Fig. 1 is an SEM image of the alloy powder, wherein a is an SEM image of the high niobium tialoy powder raw material used in all examples, and b is an SEM image of the particle-reinforced high niobium tialoy powder prepared in step (3) of example 3.
Detailed Description
Reference will now be made in detail to various exemplary embodiments of the invention, the detailed description should not be construed as limiting the invention but as a more detailed description of certain aspects, features and embodiments of the invention.
It is to be understood that the terminology used herein is for the purpose of describing particular embodiments only and is not intended to be limiting of the invention. Further, for numerical ranges in this disclosure, it is understood that each intervening value, between the upper and lower limit of that range, is also specifically disclosed. Every smaller range between any stated value or intervening value in a stated range and any other stated or intervening value in a stated range is encompassed within the invention. The upper and lower limits of these smaller ranges may independently be included or excluded in the range.

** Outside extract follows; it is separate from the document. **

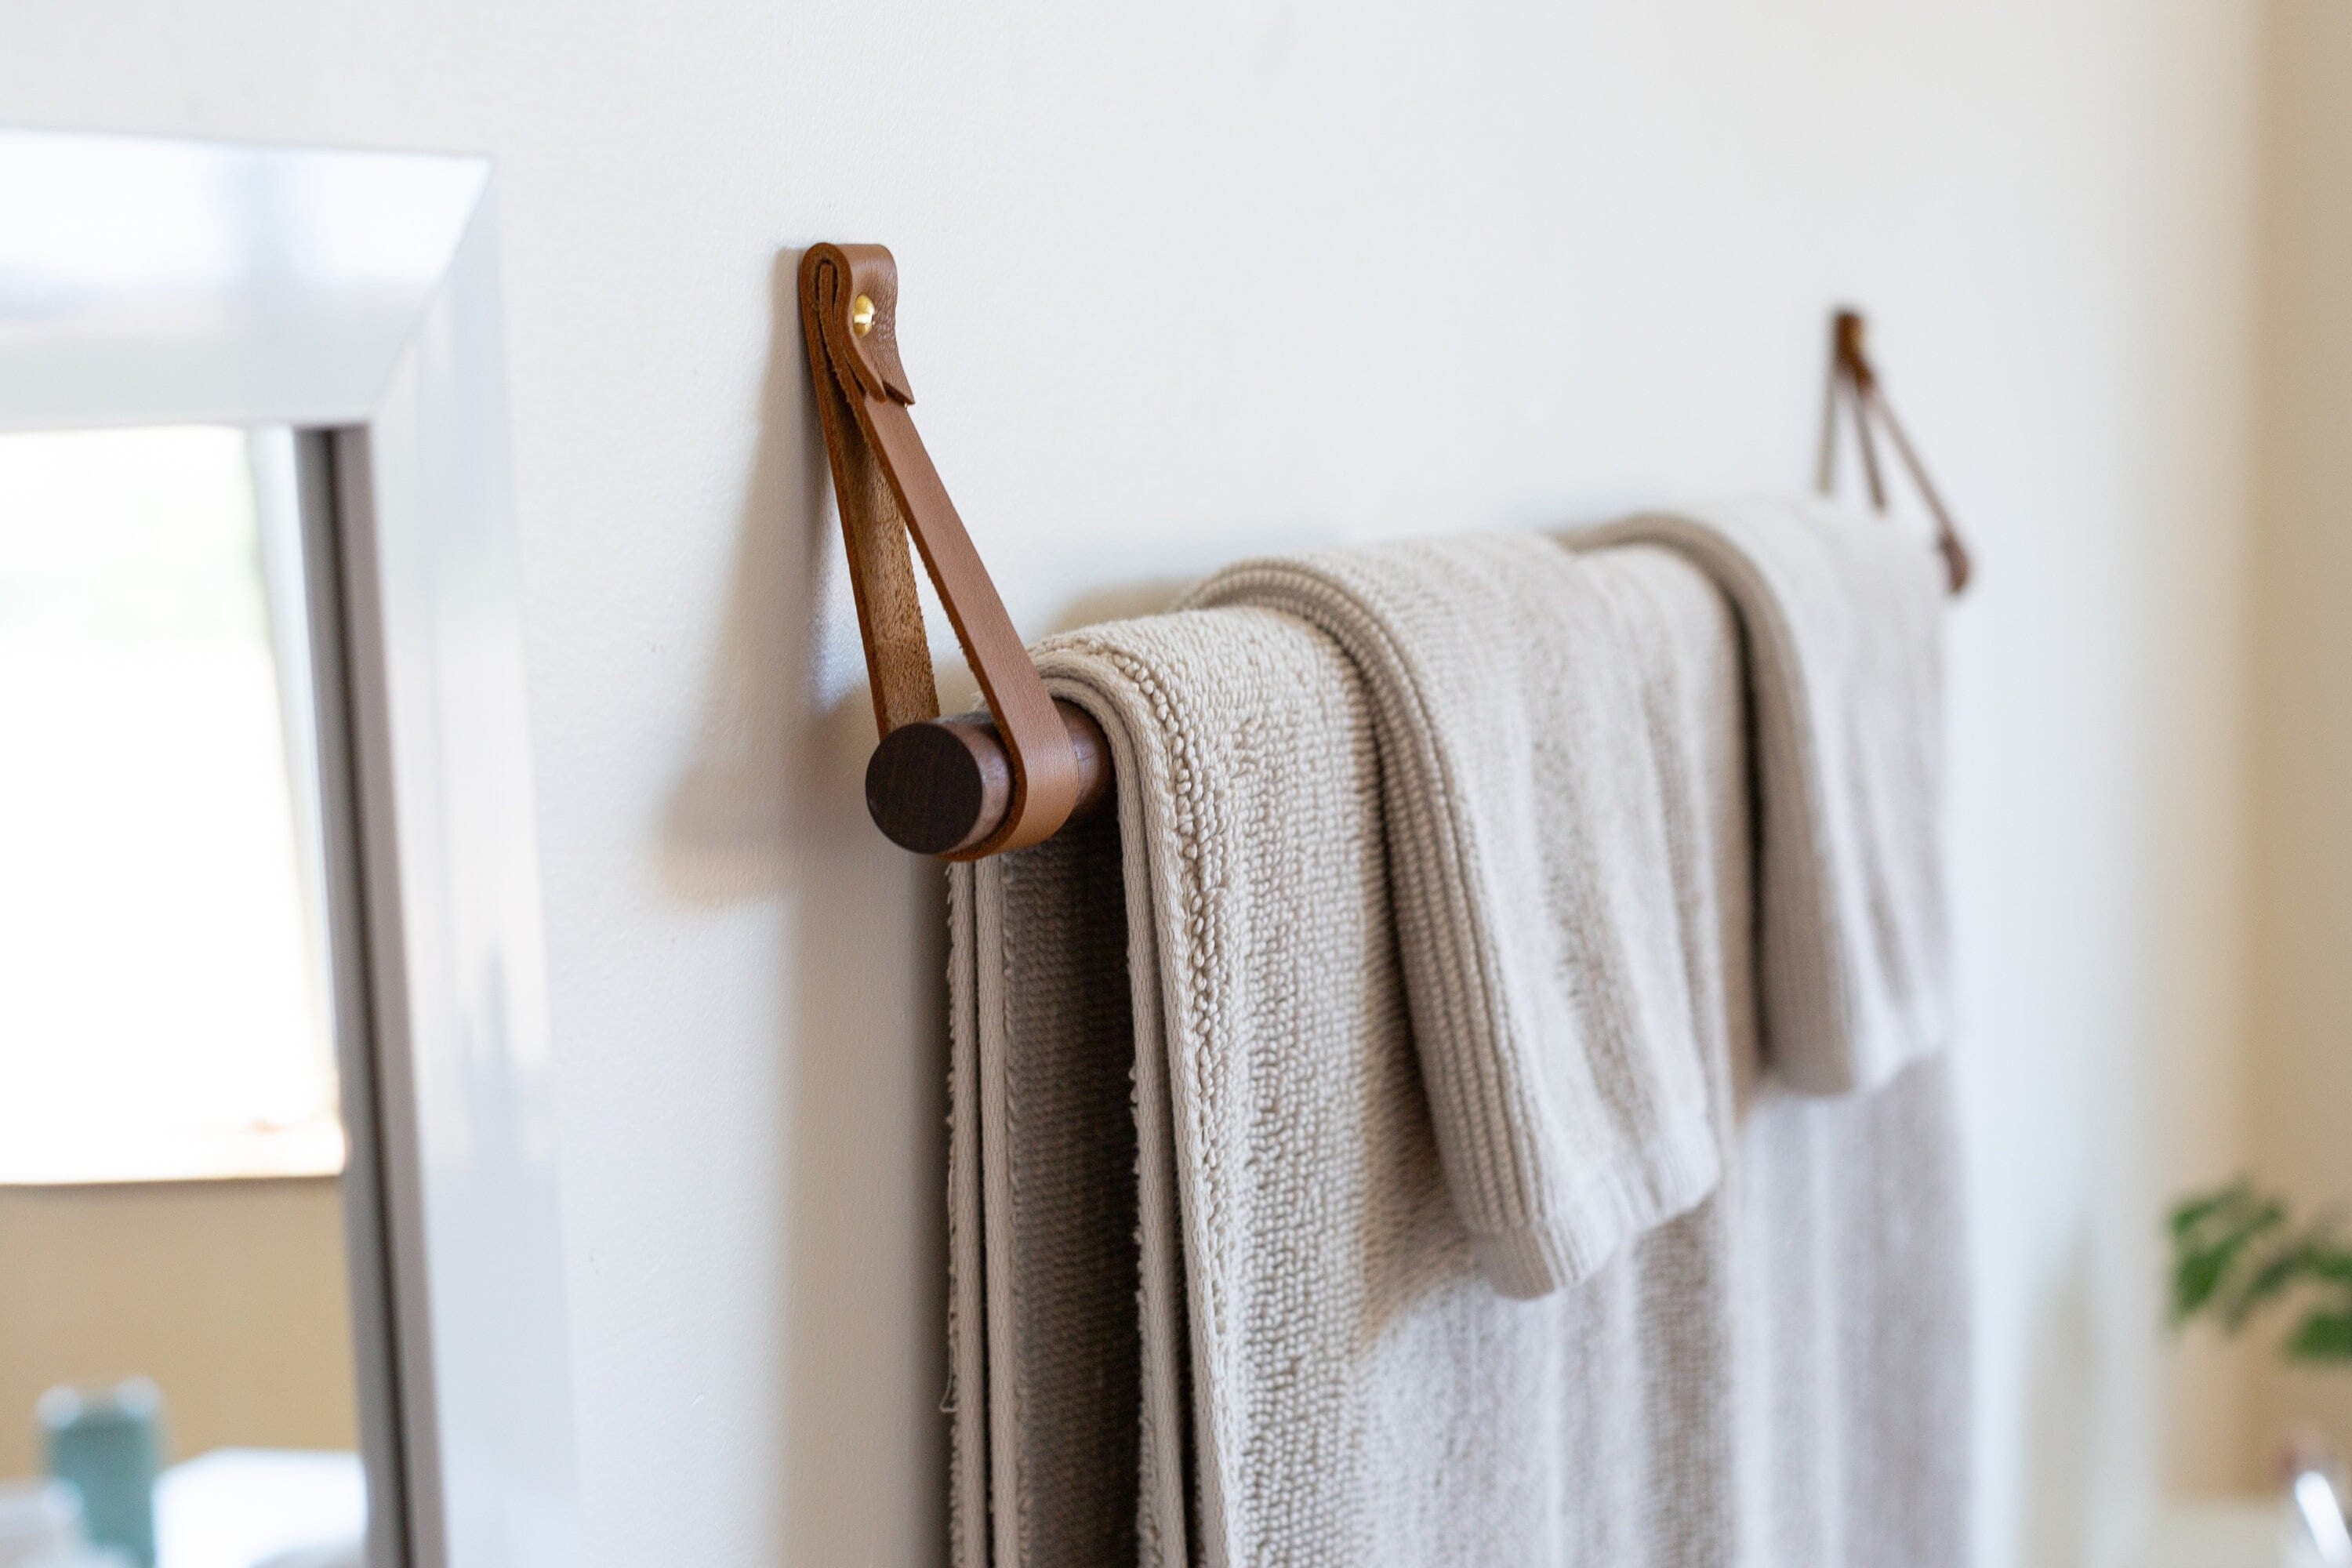 Leather Towel Holder for Kitchen or Bathroom  Tea towels diy, Towel holder  diy, Kitchen towel holder

Unless defined otherwise, all technical and scientific terms used herein have the same meaning as commonly understood by one of ordinary skill in the art to which this invention belongs. Although only preferred methods and materials are described herein, any methods and materials similar or equivalent to those described herein can be used in the practice or testing of the present invention. All documents mentioned in this specification are incorporated by reference herein for the purpose of disclosing and describing the methods and/or materials associated with the documents. In case of conflict with any incorporated document, the present specification will control.
It will be apparent to those skilled in the art that various modifications and variations can be made in the specific embodiments of the present disclosure without departing from the scope or spirit of the disclosure. Other embodiments will be apparent to those skilled in the art from consideration of the specification. It is intended that the specification and examples be considered as exemplary only.

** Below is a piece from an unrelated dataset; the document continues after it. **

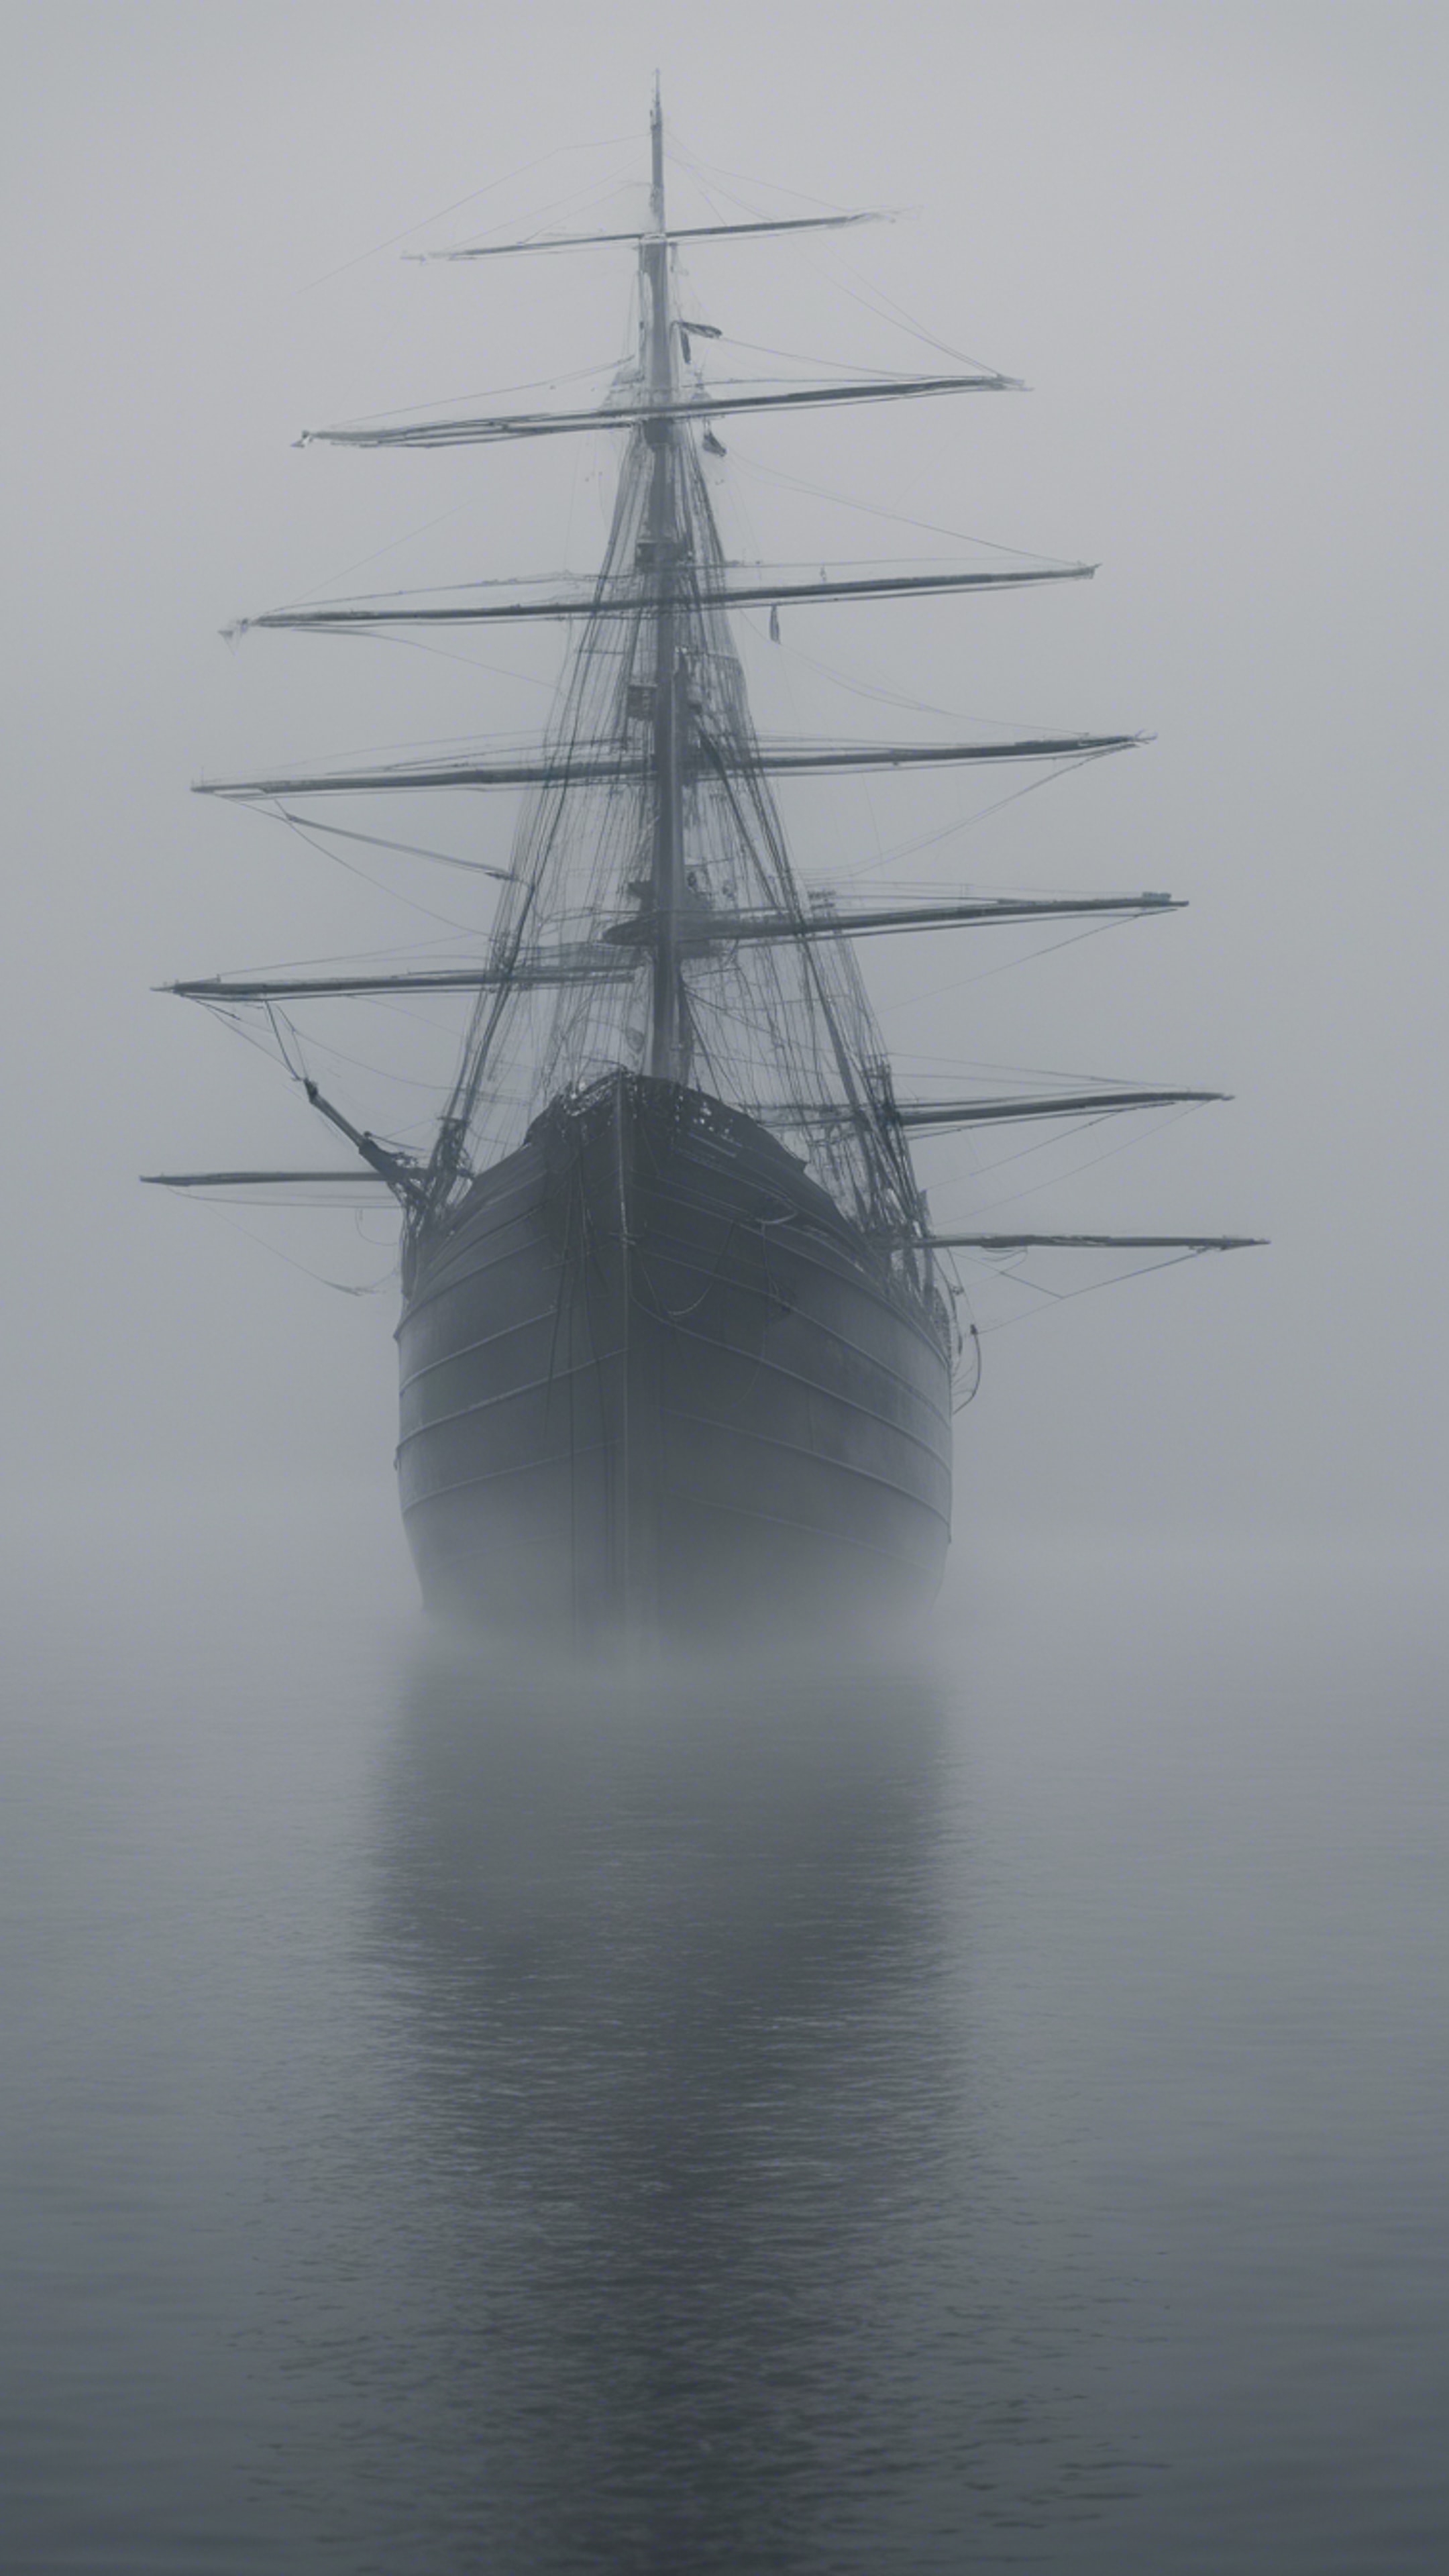 A ghost ship sailing through heavy fog, its masts obscured in drifting grey smoke. Tapeta[277c5cc3bc0e4445b824]

As used herein, the terms "comprising," "including," "having," "containing," and the like are open-ended terms that mean including, but not limited to.
Example 1
The raw materials used in this example:
spherical high-niobium TiAl alloy powder: 200g of the alloy powder, 53-150 mu m of particle size, less than 700ppm of oxygen, 17.41wt% of niobium, 53.13 wt% of titanium and 29.46 wt% of aluminum; the SEM image of the raw material spherical high-Nb TiAl alloy powder is shown in FIG. 1 (a).
Boron powder: the dosage is 0.1g, and the particle size is 90-110 nm;
anhydrous ethanol: the dosage is 20 g.
The method comprises the following specific steps:
(1) adding 0.1g of boron powder into 20g of absolute ethyl alcohol to form dispersion liquid, and carrying out ultrasonic crushing and dispersion treatment for 15min under the condition that the ultrasonic frequency is 20KHz to form reinforced particle suspension.
(2) Adding 200g of spherical high-niobium titanium-aluminum alloy powder into the reinforced particle suspension obtained in the step (1), stirring for 15min by adopting an ultrasonic and mechanical stirring and dispersing method, and uniformly mixing to obtain a uniformly mixed suspension. Wherein the ultrasonic frequency of ultrasonic and mechanical stirring dispersion is 20KHz, and the stirring speed of mechanical stirring is 50 r/min.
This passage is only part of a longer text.